My desire to store the ZipFile instance in session is to keep the file open and the 'map' created by the entries in memory.

I can tolerate/justify up to a few MB per instance IF the ZipFile/ZipEntries can be caused to flush to disk, otherwise I will just have to settle with opening->reading->process request->saving the zip for each handler request.

This works, but the memory cost of keeping the live instance in Session would pay for itself many times over in performance if the size is manageable.

These are my thoughts.

Yours?

 

PS: what i do NOT want to do is store the MS in session, just the map presented by the ZipFile, if you get my drift.

Coordinator
Mar 24, 2010 at 5:44 PM

ok,,

let me tell you how the ZipFile is implemented.  First, a better name for this class might be ZipFileManager.  The ZipFile class does not faithfully model a zip file.  It does not keep and preserve all the compressed entries within the instance.  Instead, the ZipFile class keeps a list of entries, and their sources (filesystem file, memorystream, string, zipfile, etc), and then is able to create a zipfile with those entries, into a stream, or into the filesystem directly. 
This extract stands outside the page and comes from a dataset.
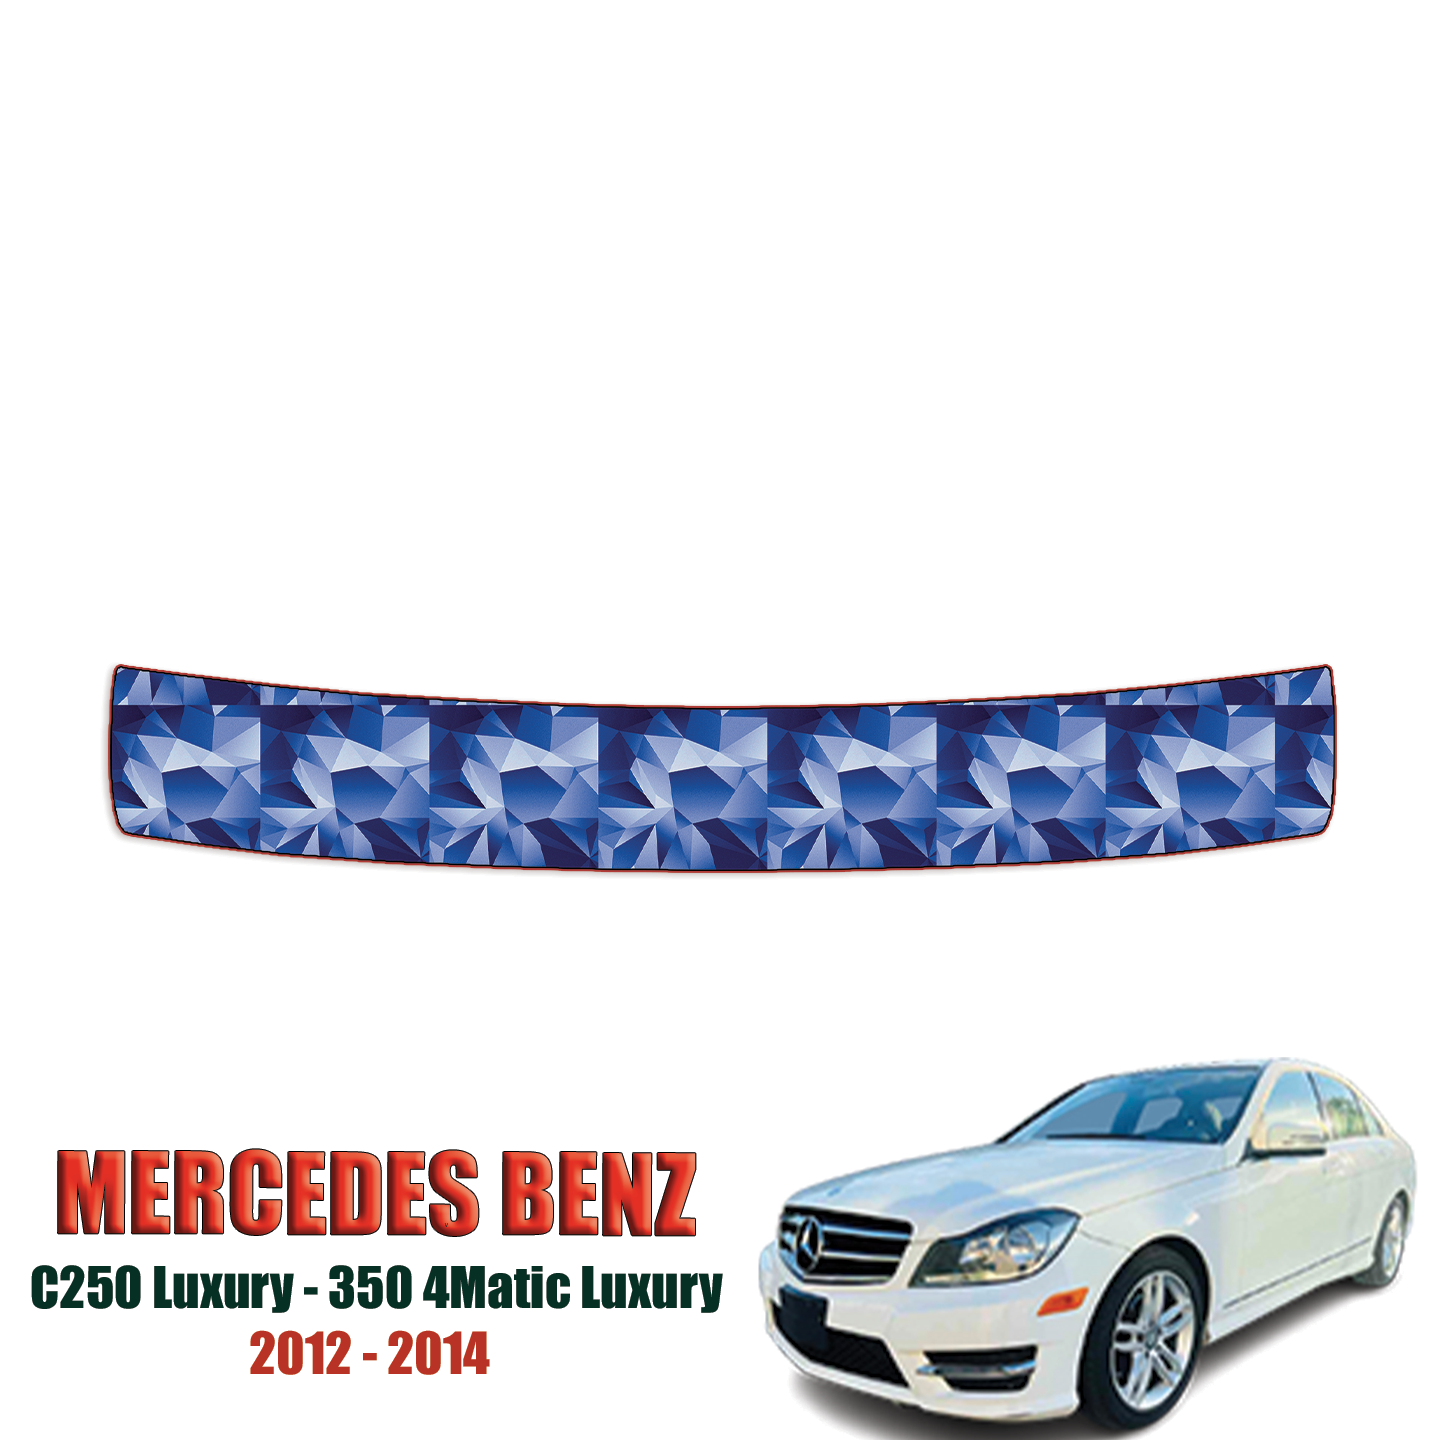 2012-2014 Mercedes Benz C-Class, C250 Luxury, 300 4matic Luxury Precut Paint Protection Kit – Bumper Step
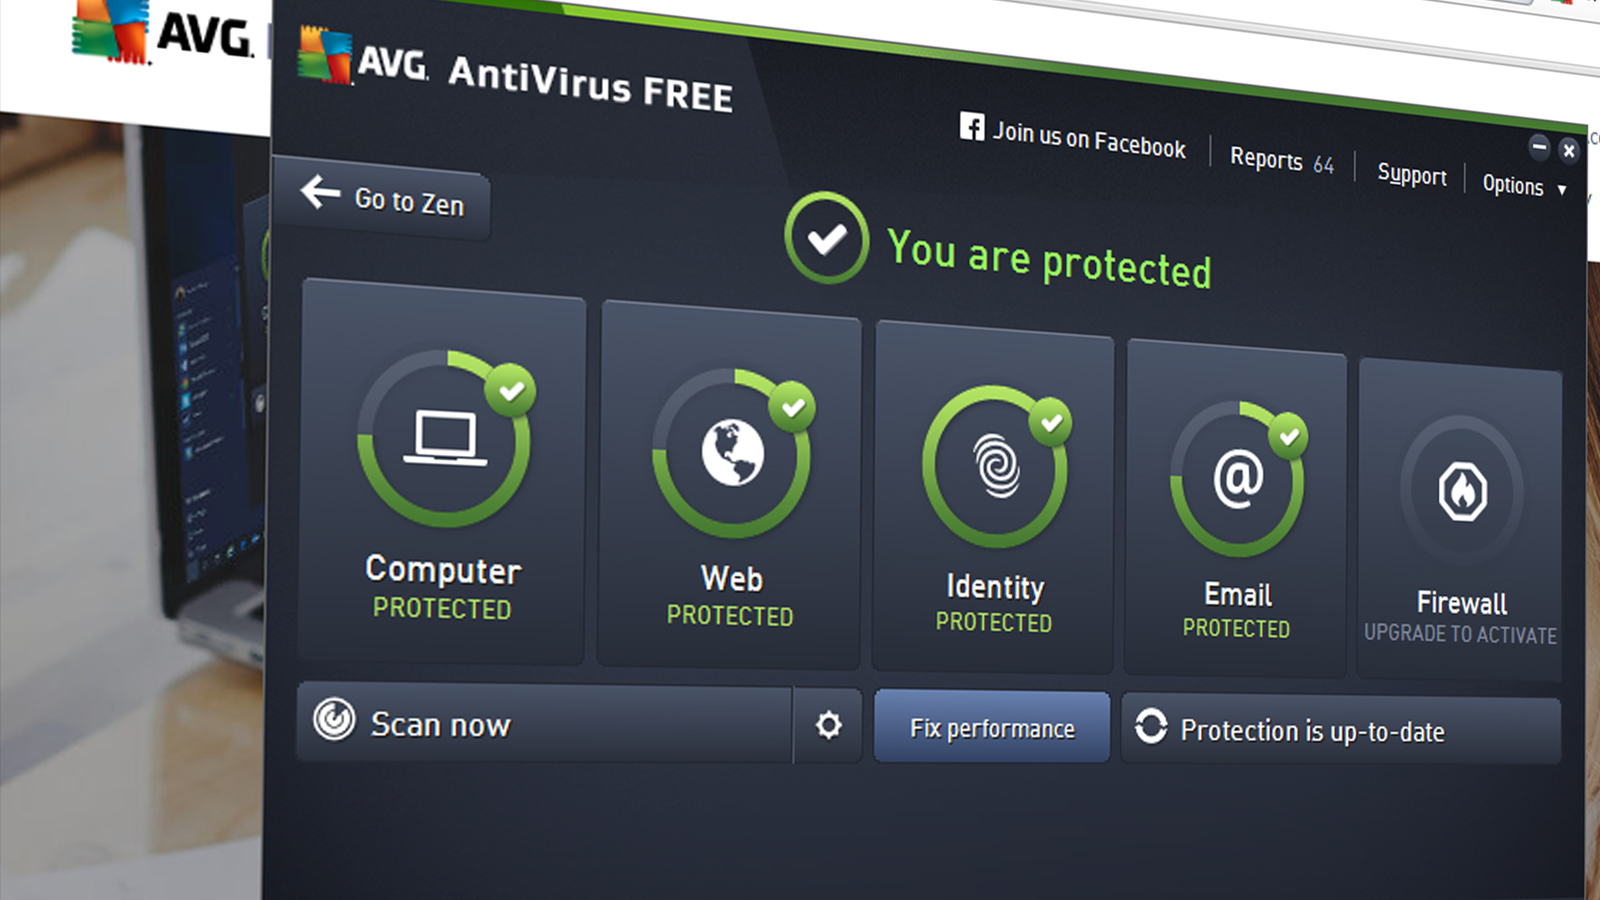 Download Avg Antivirus Free Software Review Free

If you call ZipFile.AddEntry()  three times, with three different sets of information, there is no zip file.  The zip file is created - that is to say, the compressed is performed and the compressed data stream is arranged and decorated in a way that is compliant with the ZIP specification - only upon calling ZipFile.Save().  If you call ZipFile.Save() and specify a MemoryStream, then after the Save completes, the MemoryStream contains the byte stream that represents a zip file.  At this point, the ZipFile instance contains.. only a list of entries. 

Here's another example: suppose you instantiate a ZipFile, then call AddEntry() twice, specifying 2 distinct streams.  These streams are intended to provide the uncompressed data stream, which , upon Save(), will be compressed and then stored in the final media (either stream or filesystem file).  The ZipFile instances keeps those streams open and un-read, unless and until you call ZipFile.Save().   If at some point between calling ZipFile.AddEntry() and ZipFile.Save(), you close those streams and dispose them, then any future call to ZipFile.Save() will fail, because the streams are unreadable.

Does that make sense?

From what I understand of your scenario, it seems like you need to provide a backing store for the zipfile.  either filesystem or memory stream. (You can also use a database stream, etc etc, but you get my point).